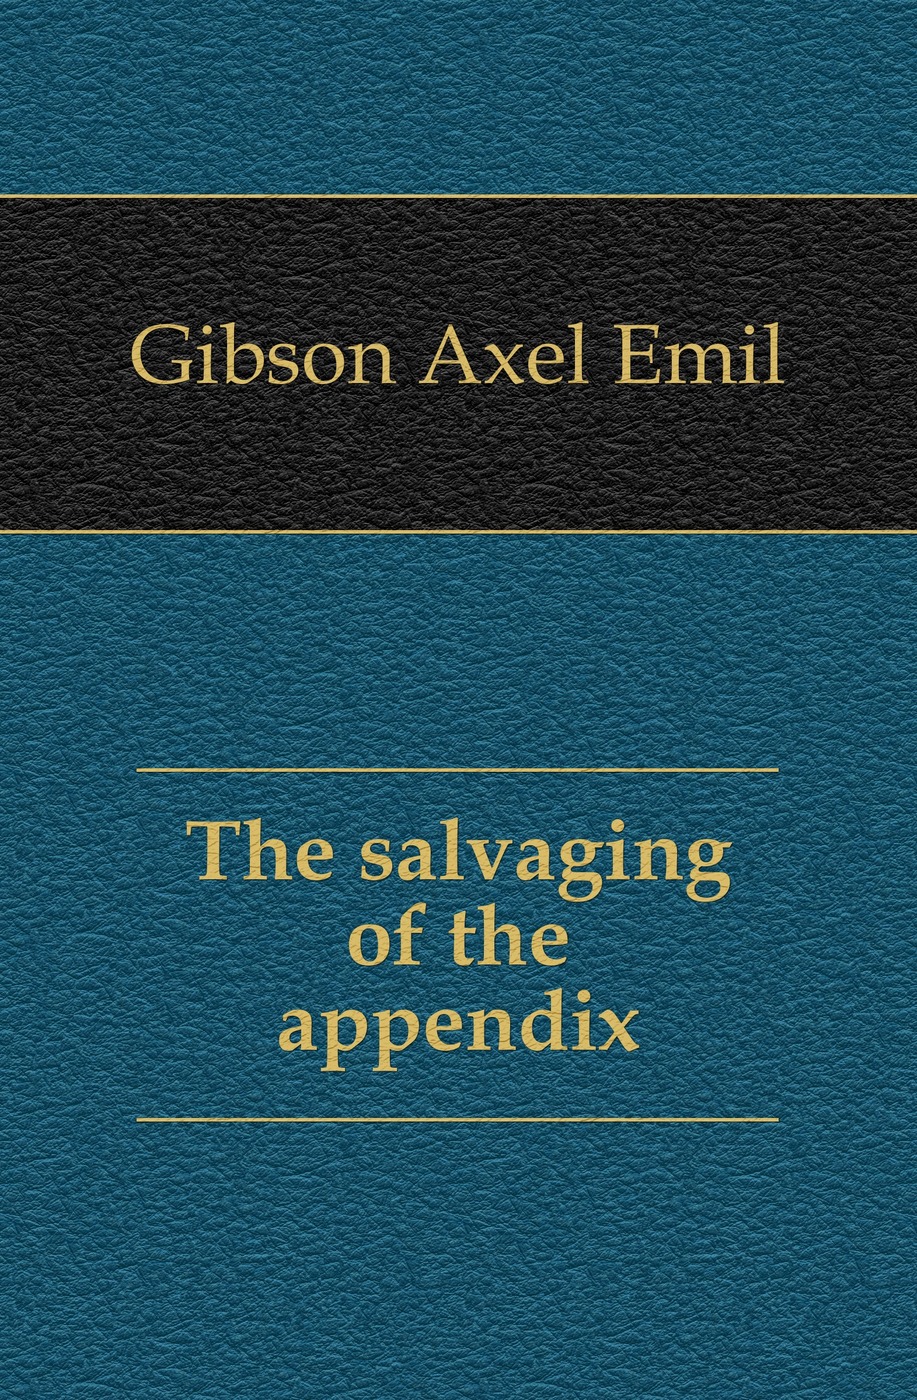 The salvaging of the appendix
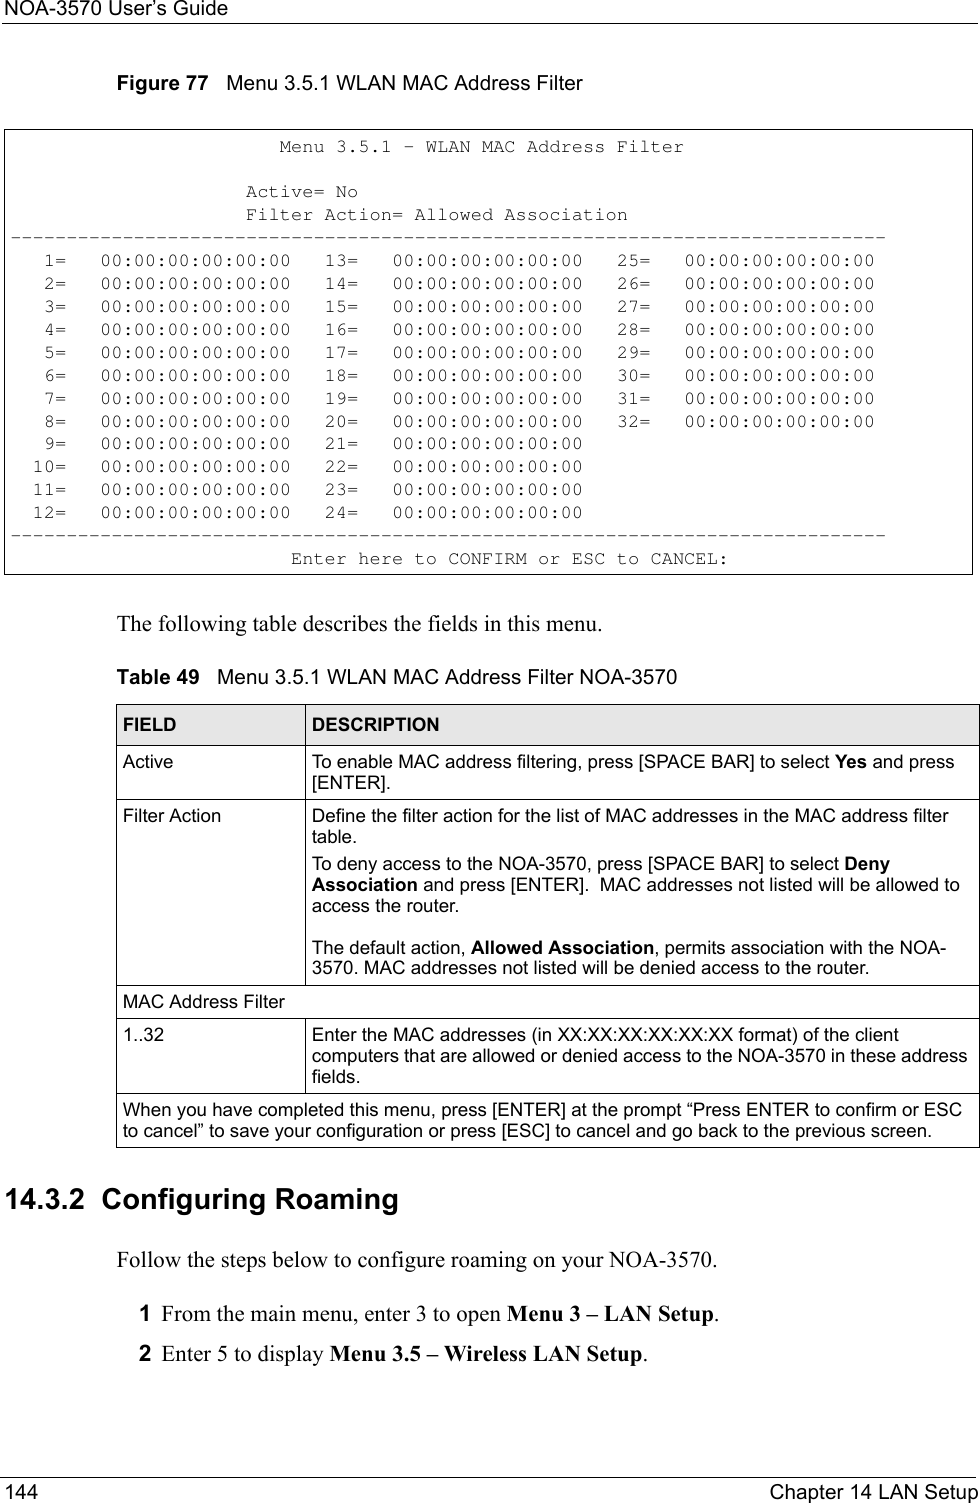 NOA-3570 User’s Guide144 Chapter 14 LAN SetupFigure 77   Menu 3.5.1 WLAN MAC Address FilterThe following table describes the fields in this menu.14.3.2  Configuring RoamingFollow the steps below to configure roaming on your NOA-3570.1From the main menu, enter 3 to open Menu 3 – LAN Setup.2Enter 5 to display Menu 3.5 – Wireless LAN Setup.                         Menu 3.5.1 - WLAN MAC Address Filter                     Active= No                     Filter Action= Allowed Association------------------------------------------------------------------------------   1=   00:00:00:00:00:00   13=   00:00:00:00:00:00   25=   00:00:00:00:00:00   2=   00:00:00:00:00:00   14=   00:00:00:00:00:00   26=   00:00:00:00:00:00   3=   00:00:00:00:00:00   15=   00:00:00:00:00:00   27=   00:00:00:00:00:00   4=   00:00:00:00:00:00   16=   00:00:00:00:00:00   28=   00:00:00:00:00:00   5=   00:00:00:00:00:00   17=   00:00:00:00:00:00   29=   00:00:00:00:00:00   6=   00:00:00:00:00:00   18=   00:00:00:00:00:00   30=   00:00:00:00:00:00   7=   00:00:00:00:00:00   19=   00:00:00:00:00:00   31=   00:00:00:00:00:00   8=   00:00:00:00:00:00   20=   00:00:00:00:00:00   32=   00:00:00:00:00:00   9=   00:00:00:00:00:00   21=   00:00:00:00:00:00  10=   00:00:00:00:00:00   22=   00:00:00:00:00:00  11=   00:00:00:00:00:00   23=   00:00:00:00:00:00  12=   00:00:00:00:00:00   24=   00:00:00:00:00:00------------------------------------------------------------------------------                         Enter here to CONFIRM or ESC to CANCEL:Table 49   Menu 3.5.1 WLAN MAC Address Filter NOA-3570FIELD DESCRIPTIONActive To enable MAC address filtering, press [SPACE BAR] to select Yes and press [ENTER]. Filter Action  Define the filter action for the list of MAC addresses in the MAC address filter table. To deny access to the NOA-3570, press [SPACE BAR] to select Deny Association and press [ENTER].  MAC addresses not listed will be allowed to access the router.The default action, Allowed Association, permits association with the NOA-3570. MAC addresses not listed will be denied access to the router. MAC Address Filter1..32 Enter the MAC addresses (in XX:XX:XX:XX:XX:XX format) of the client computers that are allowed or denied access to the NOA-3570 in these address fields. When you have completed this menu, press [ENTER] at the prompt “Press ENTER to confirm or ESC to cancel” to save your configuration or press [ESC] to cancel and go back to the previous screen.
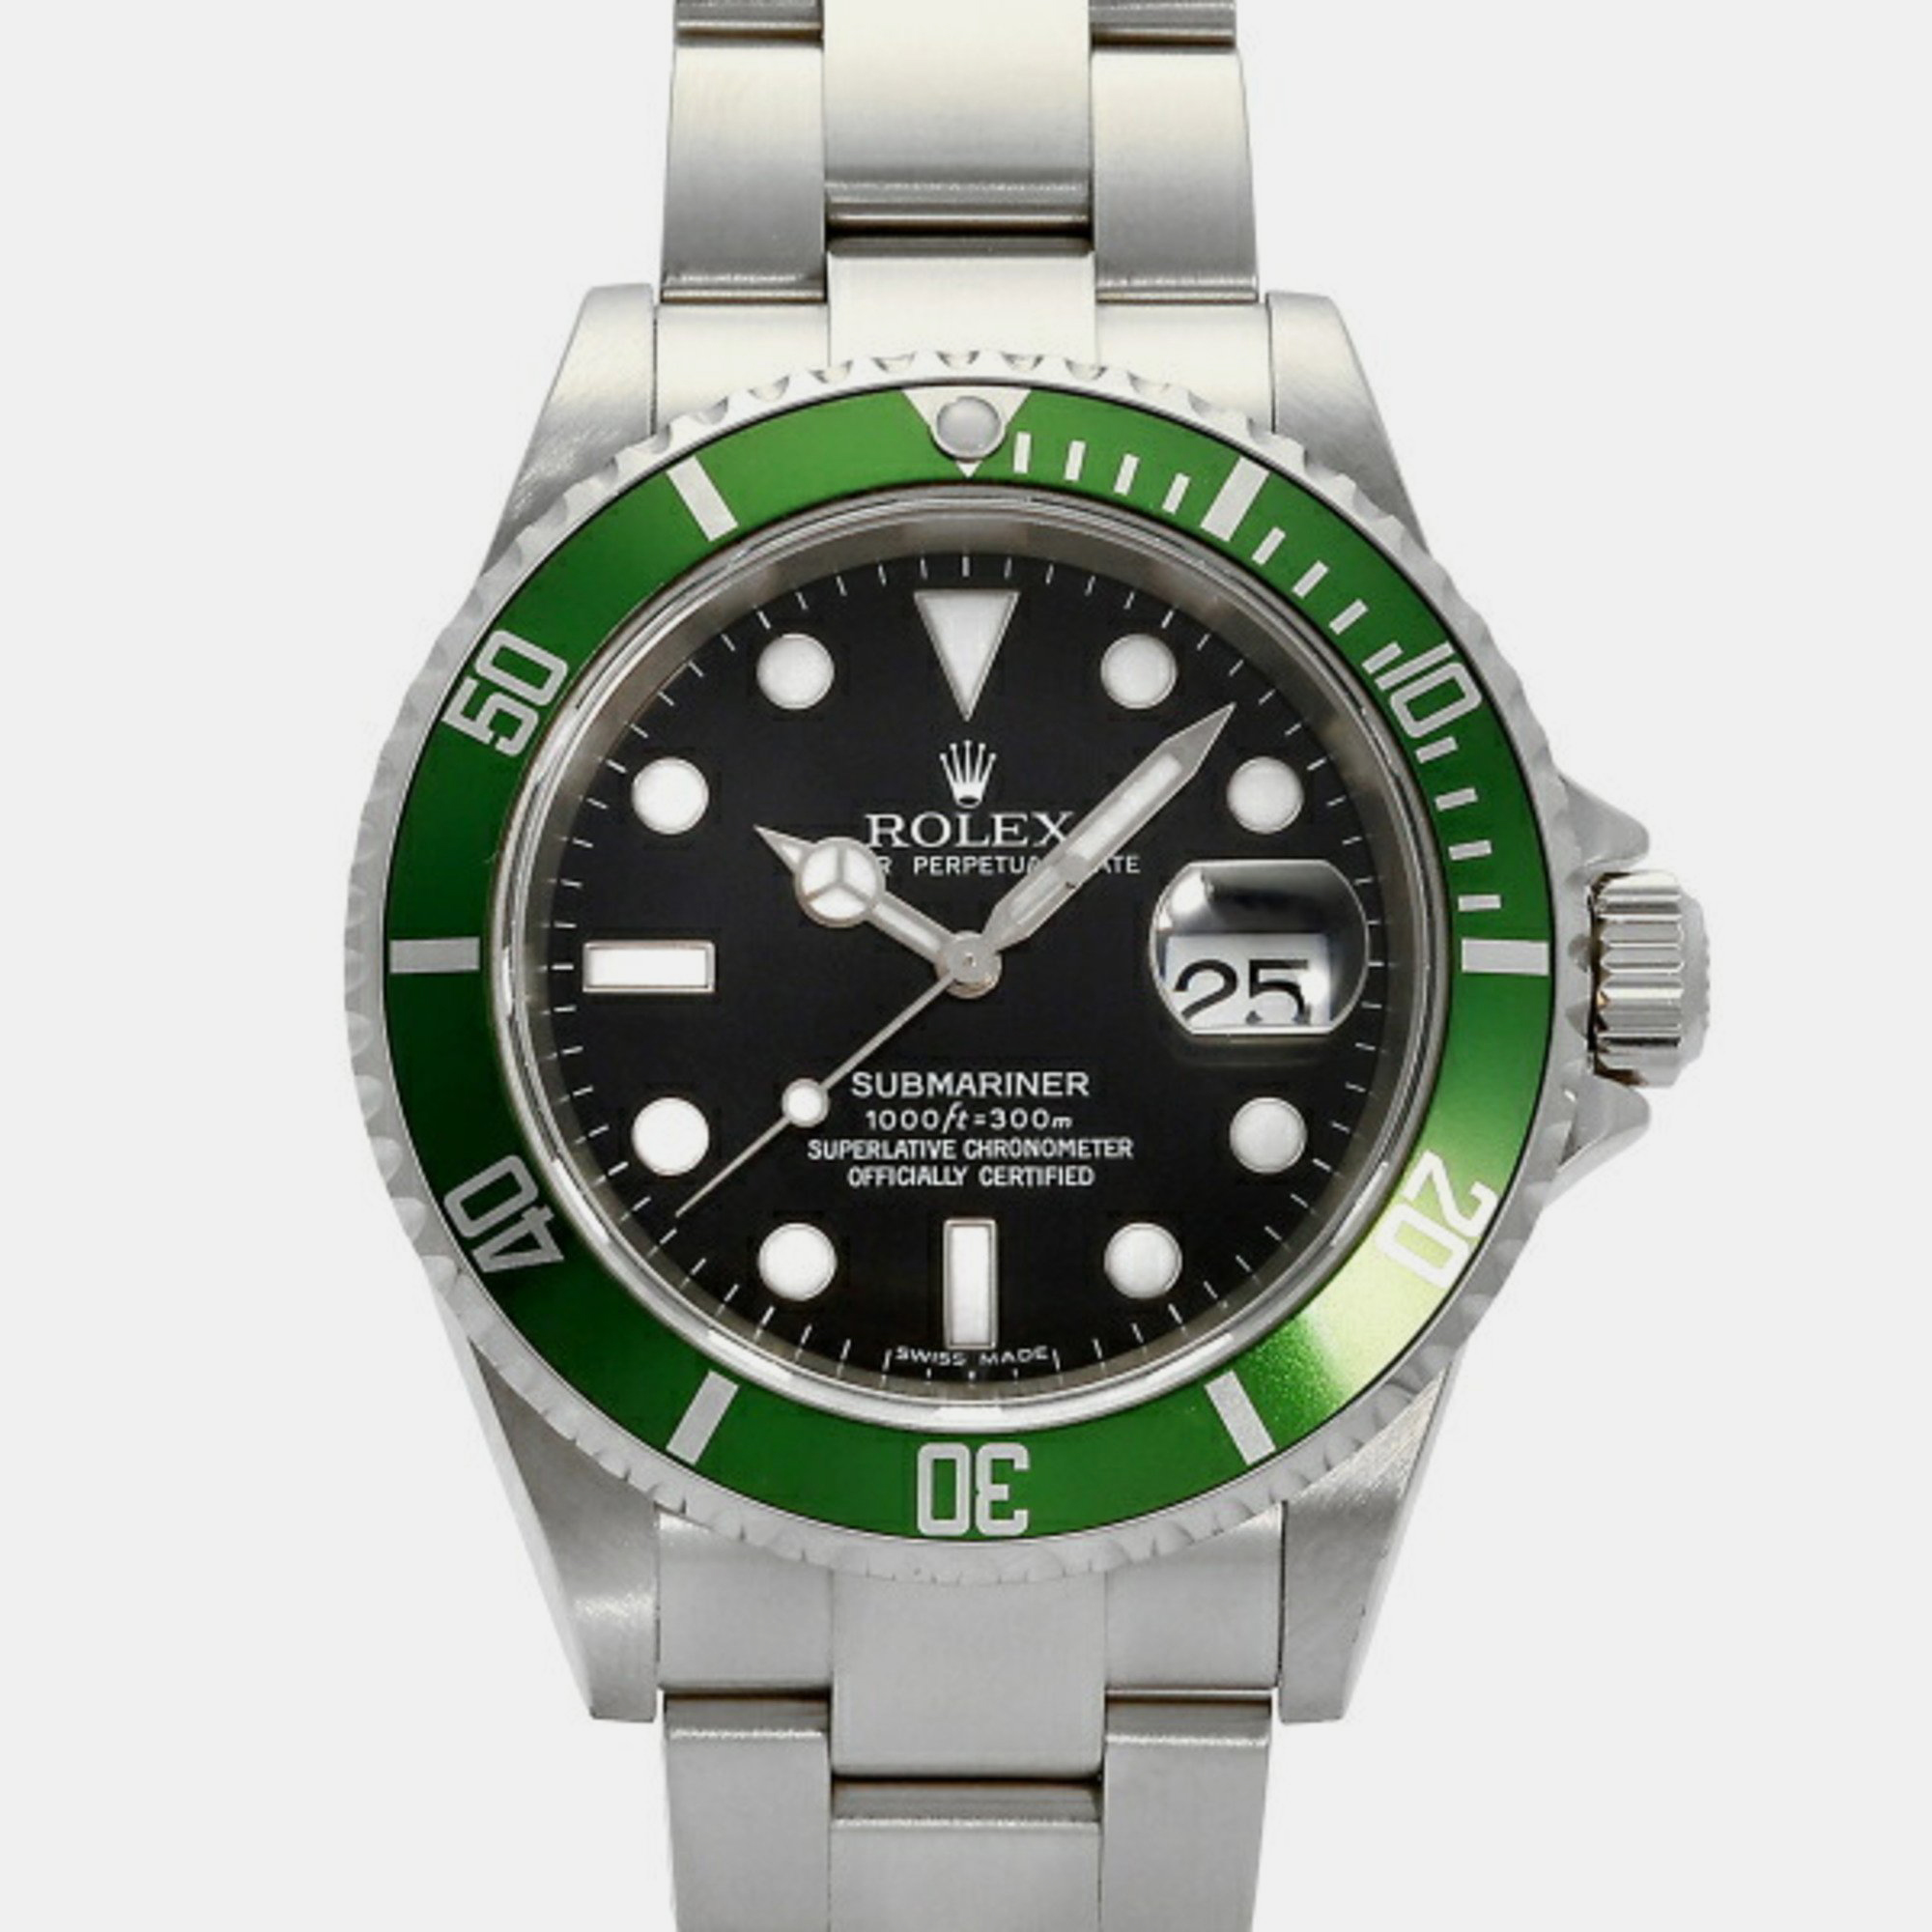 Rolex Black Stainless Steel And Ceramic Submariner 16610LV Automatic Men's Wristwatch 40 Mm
+ + + + + + +
◆ Task to carry out ◆
Reproduce the listing in full and exactly, excluding any pictures it holds.

◆ Final answer ◆
 The salvaging of the appendix
 NOA-3570 User’s Guide144 Chapter 14 LAN SetupFigure 77   Menu 3.5.1 WLAN MAC Address FilterThe following table describes the fields in this menu.14.3.2  Configuring RoamingFollow the steps below to configure roaming on your NOA-3570.1From the main menu, enter 3 to open Menu 3 – LAN Setup.2Enter 5 to display Menu 3.5 – Wireless LAN Setup.                         Menu 3.5.1 - WLAN MAC Address Filter                     Active= No                     Filter Action= Allowed Association------------------------------------------------------------------------------   1=   00:00:00:00:00:00   13=   00:00:00:00:00:00   25=   00:00:00:00:00:00   2=   00:00:00:00:00:00   14=   00:00:00:00:00:00   26=   00:00:00:00:00:00   3=   00:00:00:00:00:00   15=   00:00:00:00:00:00   27=   00:00:00:00:00:00   4=   00:00:00:00:00:00   16=   00:00:00:00:00:00   28=   00:00:00:00:00:00   5=   00:00:00:00:00:00   17=   00:00:00:00:00:00   29=   00:00:00:00:00:00   6=   00:00:00:00:00:00   18=   00:00:00:00:00:00   30=   00:00:00:00:00:00   7=   00:00:00:00:00:00   19=   00:00:00:00:00:00   31=   00:00:00:00:00:00   8=   00:00:00:00:00:00   20=   00:00:00:00:00:00   32=   00:00:00:00:00:00   9=   00:00:00:00:00:00   21=   00:00:00:00:00:00  10=   00:00:00:00:00:00   22=   00:00:00:00:00:00  11=   00:00:00:00:00:00   23=   00:00:00:00:00:00  12=   00:00:00:00:00:00   24=   00:00:00:00:00:00------------------------------------------------------------------------------                         Enter here to CONFIRM or ESC to CANCEL:Table 49   Menu 3.5.1 WLAN MAC Address Filter NOA-3570FIELD DESCRIPTIONActive To enable MAC address filtering, press [SPACE BAR] to select Yes and press [ENTER]. Filter Action  Define the filter action for the list of MAC addresses in the MAC address filter table. To deny access to the NOA-3570, press [SPACE BAR] to select Deny Association and press [ENTER].  MAC addresses not listed will be allowed to access the router.The default action, Allowed Association, permits association with the NOA-3570. MAC addresses not listed will be denied access to the router. MAC Address Filter1..32 Enter the MAC addresses (in XX:XX:XX:XX:XX:XX format) of the client computers that are allowed or denied access to the NOA-3570 in these address fields. When you have completed this menu, press [ENTER] at the prompt “Press ENTER to confirm or ESC to cancel” to save your configuration or press [ESC] to cancel and go back to the previous screen.
 Rolex Black Stainless Steel And Ceramic Submariner 16610LV Automatic Men's Wristwatch 40 Mm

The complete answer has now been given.